Having a hard time finding a Surface Pro at your local retailer today? You’re not alone.  Here is Microsoft’s statement on the shortages of the new tablet PC, which launched today.

“Customer response to the launch of Surface Pro has been amazing. We are working with our retail partners who are currently out of stock of the 128GB Surface Pro to replenish supplies as quickly as possible. Our priority is to ensure that every customer gets their new Surface Pro as soon as possible.” 

Do you buy it?

If you’re just tuning in, Microsoft’s new Surface Pro tablet has stirred up enough demand to generate lines at stores and sell out online.
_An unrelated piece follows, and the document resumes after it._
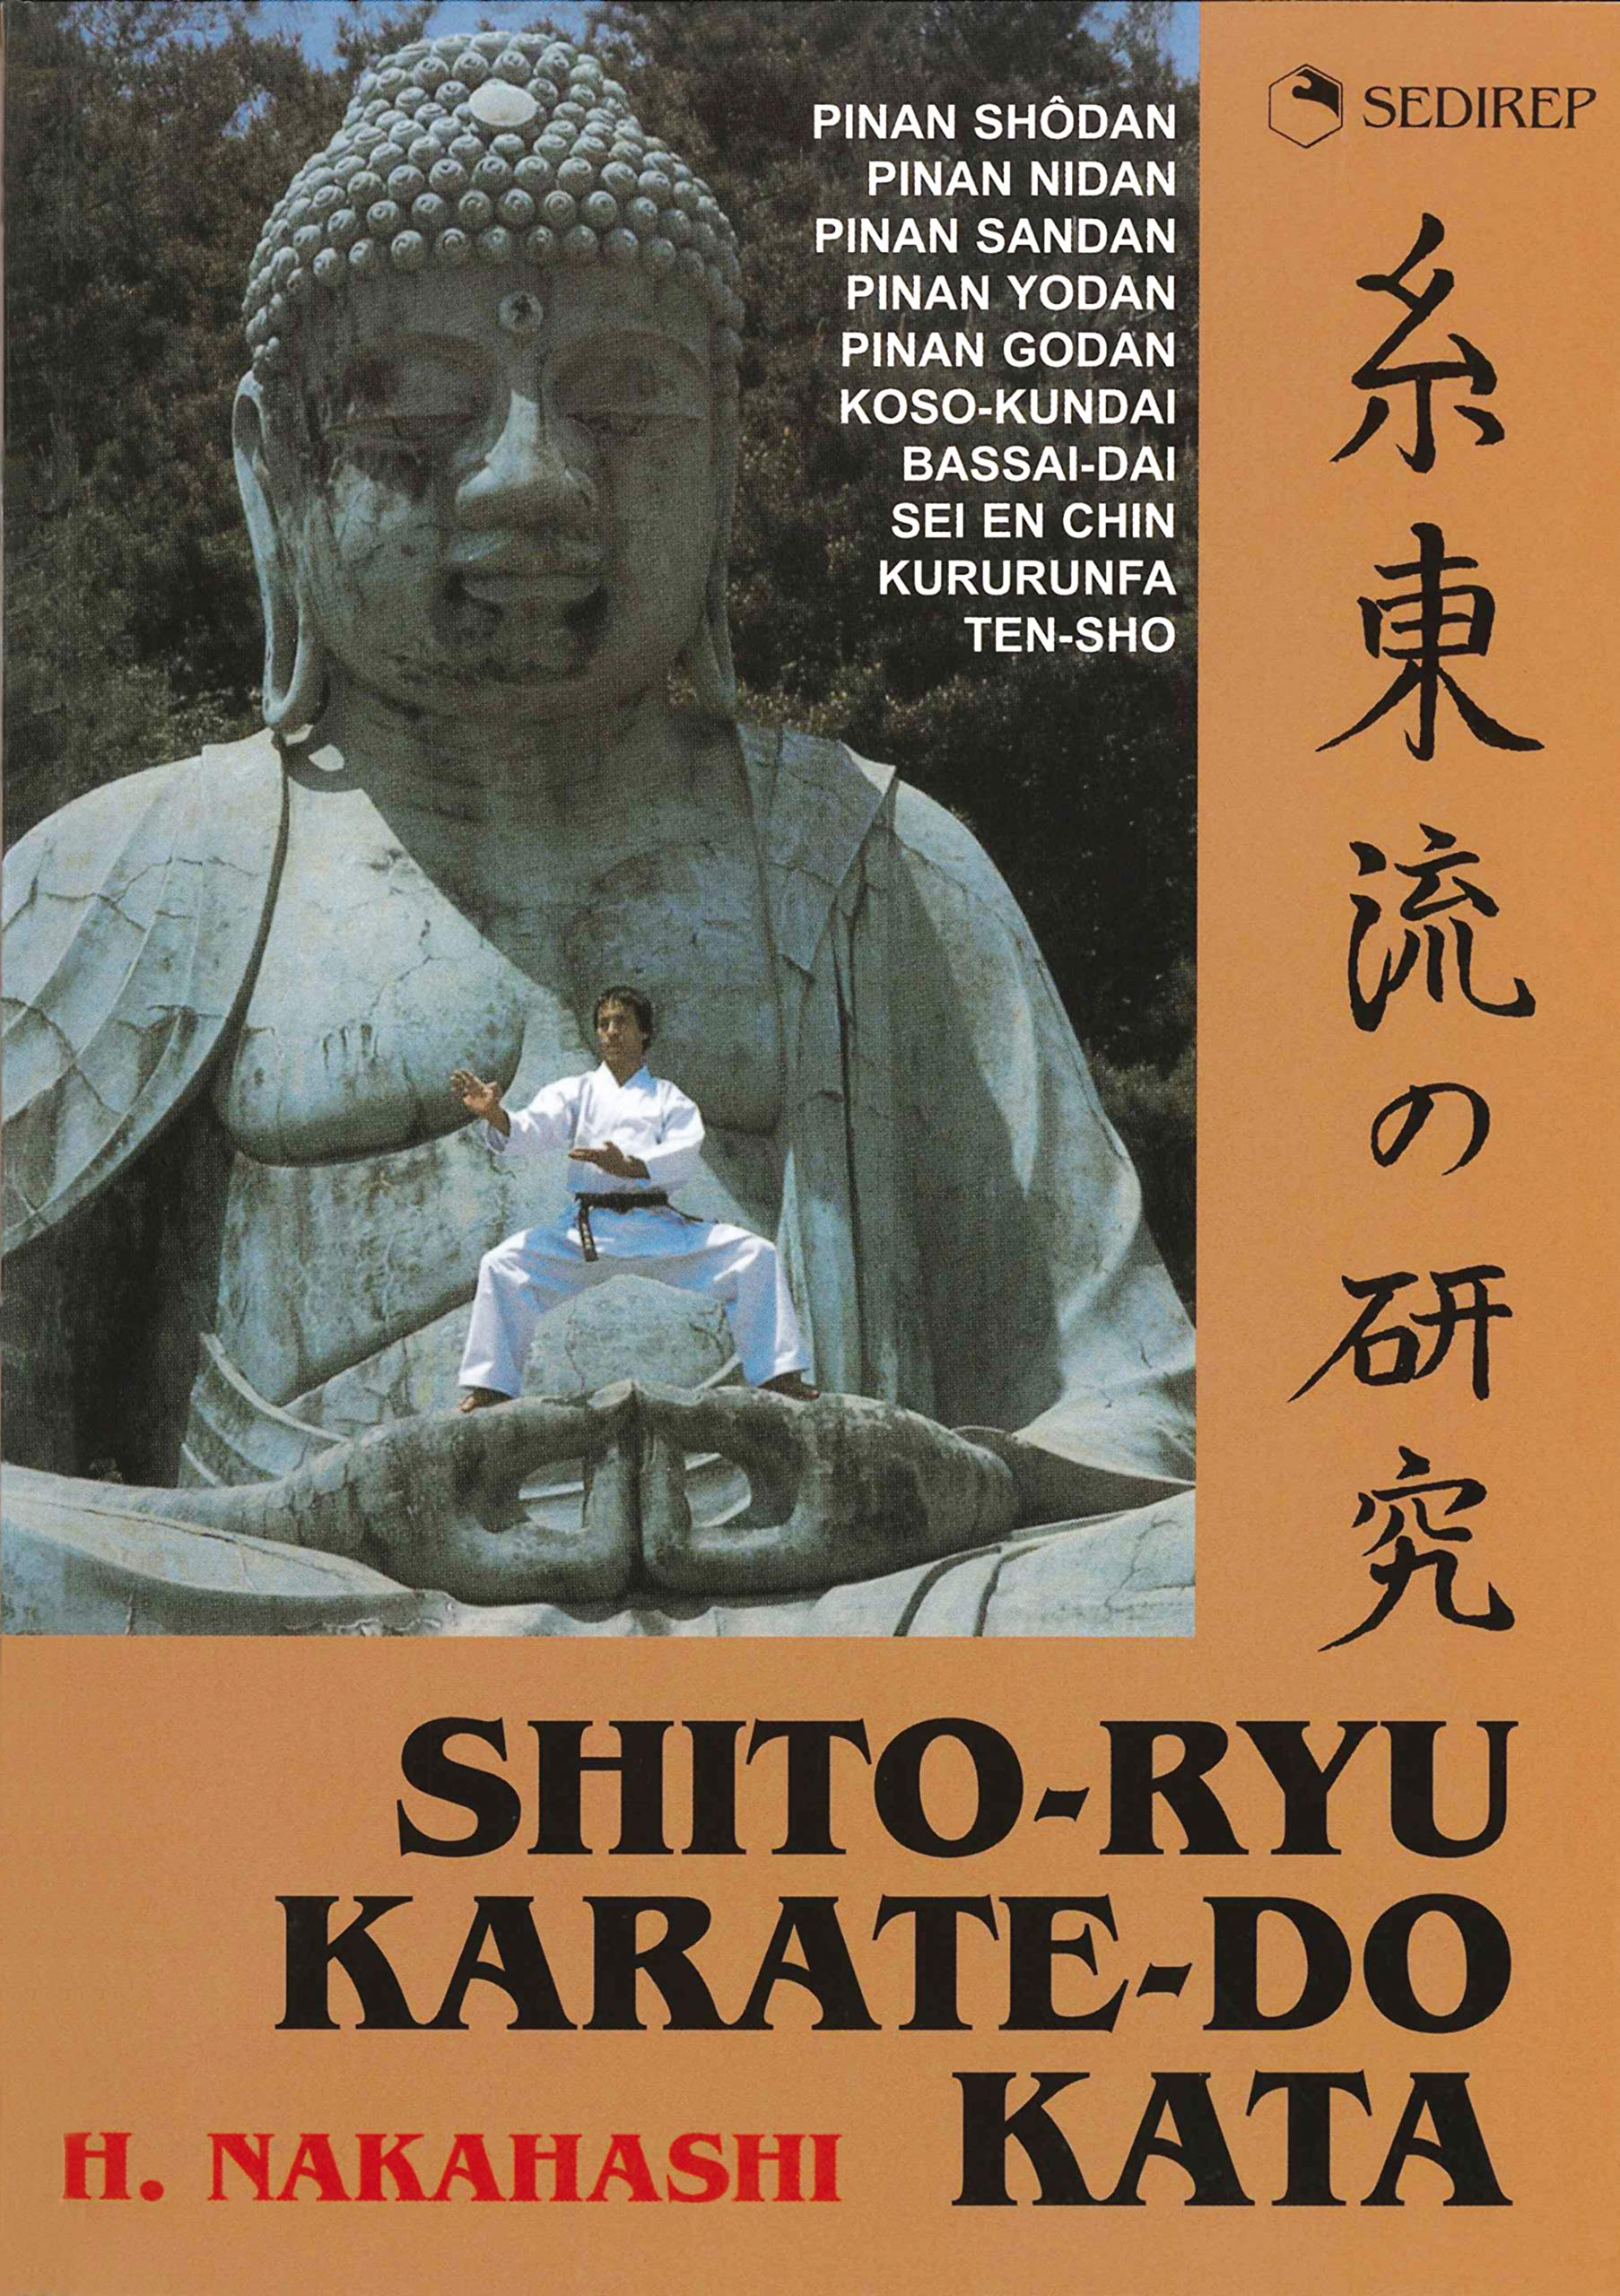 Shito-Ryu, karaté-do kata : pinan shôdan, pinan nidan, pinan sandan, pinan yodan, pinan godan, pinan

After all, it’s a milestone machine — the first honest-to-goodness, Intel-based, traditional Windows PC ever made by Microsoft, the company that makes Windows.

But tech companies can be very good at disguising their inability to provide an adequate initial supply — instead trying to leave the impression that shortages are caused by mobs of people wanting to get their hands on this hotness.

I have no idea if Microsoft is doing that here. Readers commenting on some of our earlier posts are reporting some very small single-digit supplies of the Surface Pro at their local retailers in different parts of the country. The fact that Microsoft pushed back the launch date is more evidence of manufacturing issues. But unless Microsoft discloses some post-weekend sales figures, as Apple often does after a successful launch, we won’t have any way of knowing for sure in the short run.

Then again, when was the last time you saw people line up like this to buy a new Windows PC? Yes, these pictures are from Microsoft’s backyard, but still …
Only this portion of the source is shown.